While not explicitly called out, another one of our favorite recommendations, studying a "parking cap and trade" system, appears to be in the mix under the generic header: "Explore reducing or removing minimum parking requirements for residential development in urban centers, urban villages, and areas served by frequent transit." That language coincides with pages 57 and 58 of the original HALA document that includes the cap and trade recommendation

Also in the mix, thankfully, removing the "ownership" requirement for mother-in-law apartments that limits the housing to onsite owners only. 

 4. Yesterday evening, the Seattle Public School Board unanimously passed a resolution to immediately halt out of school suspensions for elementary school students who routinely exhibit disruptive or disobedient behavior and develop a system-wide plan to address the chronic disparate discipline rate between white and minority students in Seattle schools by the summer of 2016. The skewed suspension data, showing that black students are disciplined at almost five times the rate as whites, prompted an investigative probe from the U.S. Department of Education back in 2013.)
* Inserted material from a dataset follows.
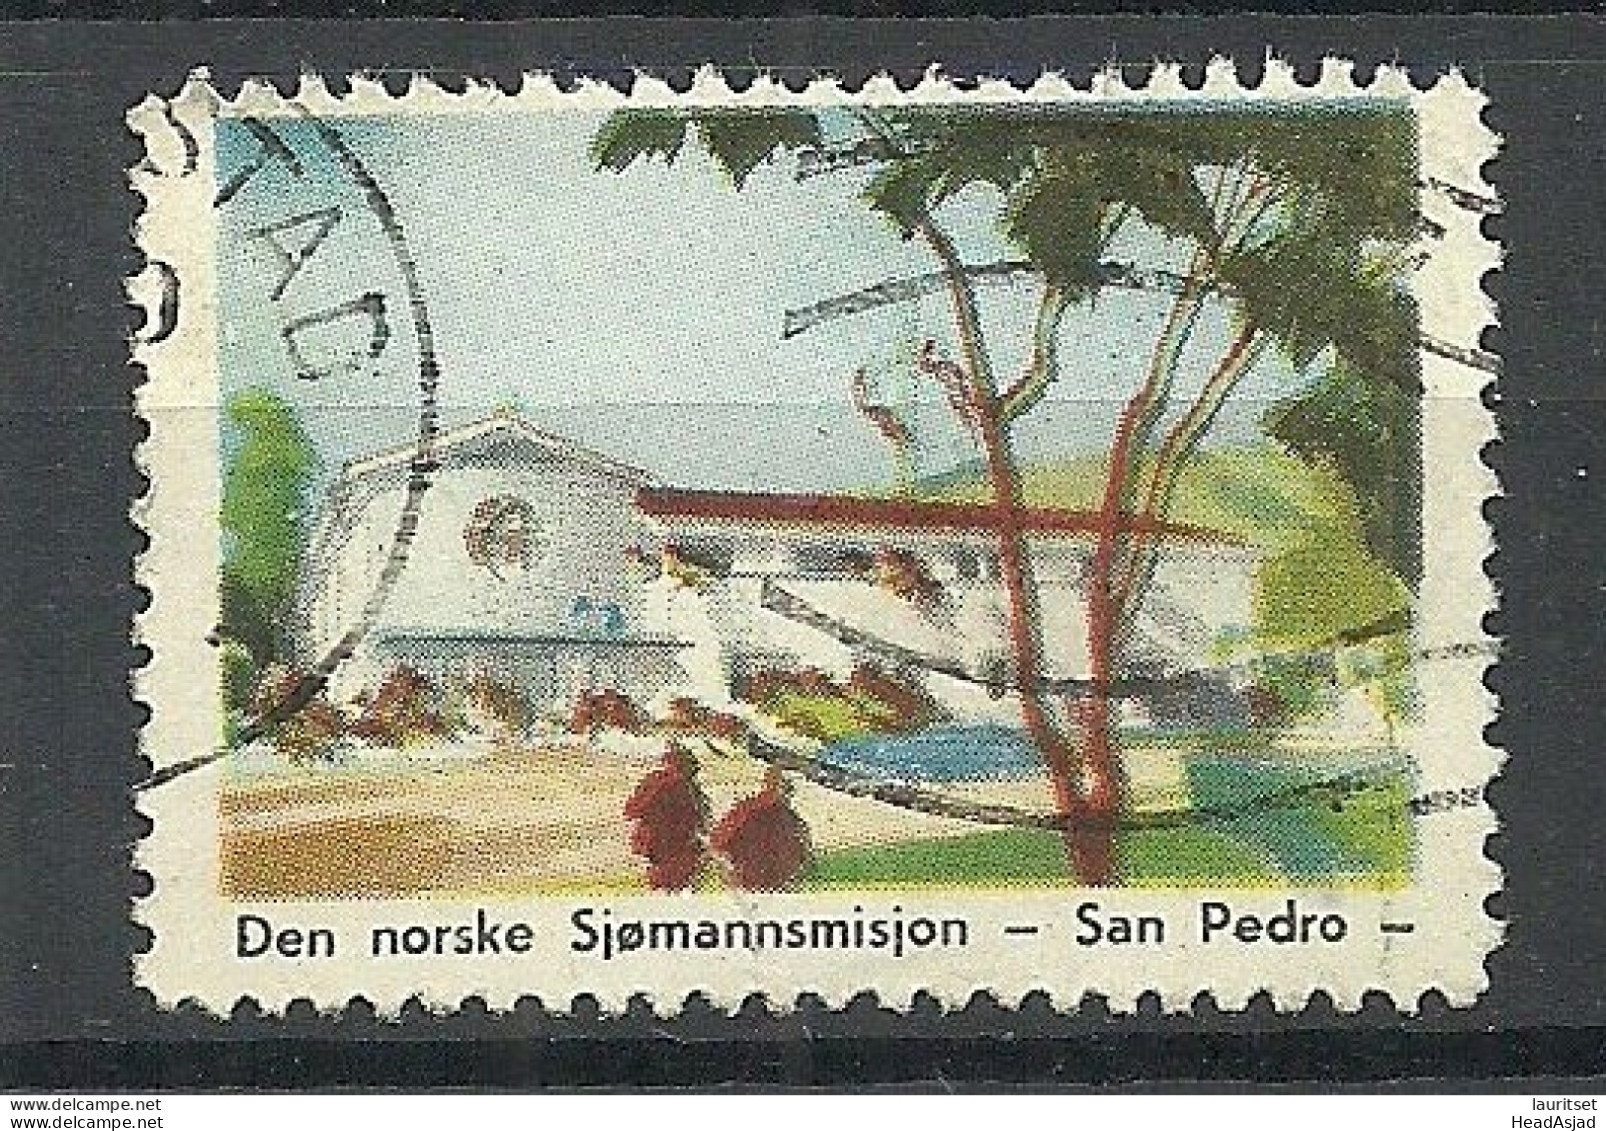 NORWAY Sailors Home San Pedro Vignette Poster Stamp O - Ships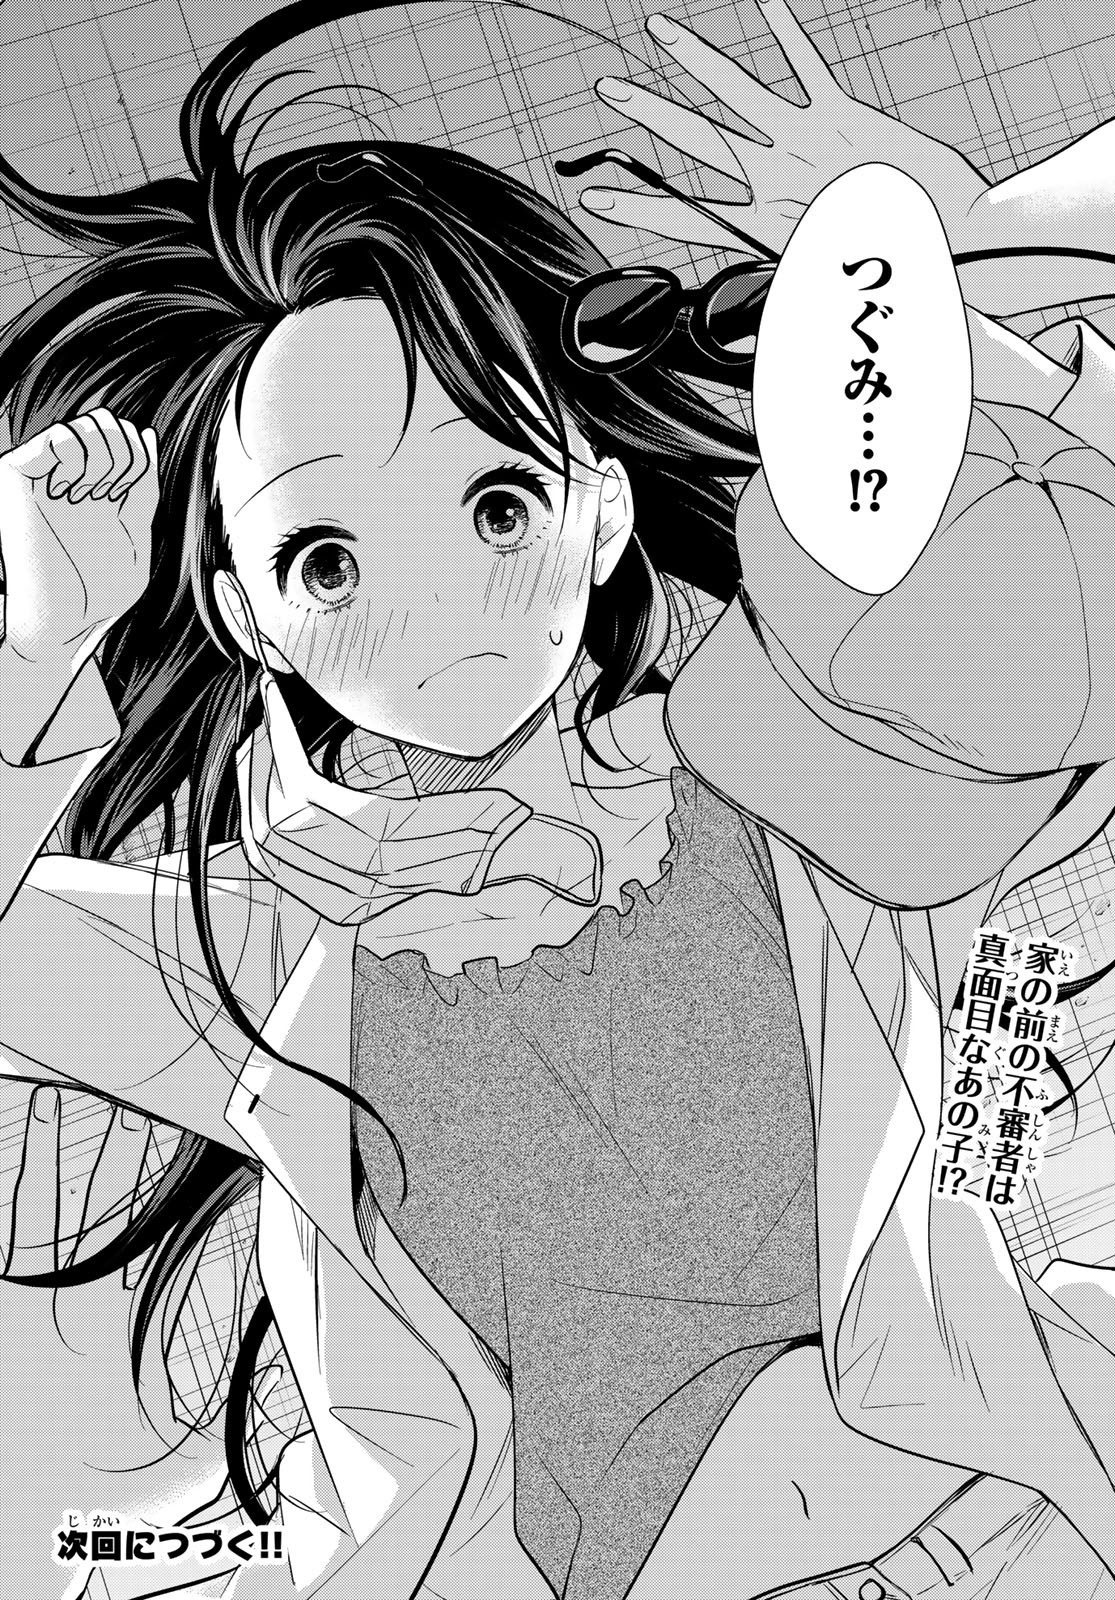 Kimi ga Megami Nara Ii no ni (I Wish You Were My Muse) - Chapter 015 - Page 20

“I’m really excited that we’re actually making this a reality,” said school board member Betty Patu, who represents Southeast Seattle. “The majority of students suspended are students of color. If we’re looking at closing our achievement gap this is a step forward.”

The resolution, originally introduced back in July, but delayed for a vote until Wednesday night’s meeting to allow for further discussion and debate, was amended by its sponsor, District 3 (Laurelhurst, Eastlake, University District, Madison Valley) board member Harium Martin-Morris, to limit the suspension moratorium to lower-level "subjective" offenses—disruptive conduct, disobedience, and rule breaking—that Martin-Morris said can be considered “subjective behaviors” in terms of teachers’ implicit racial bias and misinterpretation of the root causes of non-violent disruptive behavior that may be driven by outside trauma students are experiencing such as poverty and chaotic family life at home. Last school year, 111 elementary students were suspended for disruptive conduct, 10 for rule breaking and 25 for disobedience. Other offenses, such violent behavior and sexual harassment are still subject to out of school suspensions.

The Seattle Times’ education lab has a good rundown on the connection between student behavior and external living conditions, in addition to recent interest in alternative approaches to discipline such as “restorative justice.”

 Martin-Morris’s resolution is also aimed at addressing the academic achievement and graduation gaps between white and minority students that run parallel with disparate discipline rates (the resolution is also informed by research on discipline in Portland and Baltimore Schools where similar measures are being taken).

School board member Stephen Blanford (representing downtown and central Seattle) referenced Michelle Alexander’s book The New Jim Crow during his comments of support for the resolution, calling it a “serious step” to breaking the school-to-prison pipeline.

“This measure will [positively] influence lives, many young lives, particularly students in the south end of the district,” said Anthony Shoecraft—the Director of Engagement and Equity with the Roadmap Project, a data and community driven non-profit initiative to improve student achievement in South Seattle and South King county—during public comment.

The board acknowledged that while the policy change is immediate, the district still needs to create the infrastructure for on-site alternatives to discipline as well as prevention measures (the plan is to develop this infrastructure alongside the district’s broader system-wide plan to address disparate disciplining by summer 2016).

 For now, the temporary substitute for suspension is on-call district staff who will accompany students who exhibit disruptive behavior outside of the classroom (but still on-site at schools). The district will be spending an extra $845,000 on extra staff time and developing the system-wide action plan.

Last Monday, council president Tim Burgess asked his fellow council members to sign a letter produced by his office in support of the board's resolution (Burgess told us on Tuesday during his endorsement interview that the entire council signed it).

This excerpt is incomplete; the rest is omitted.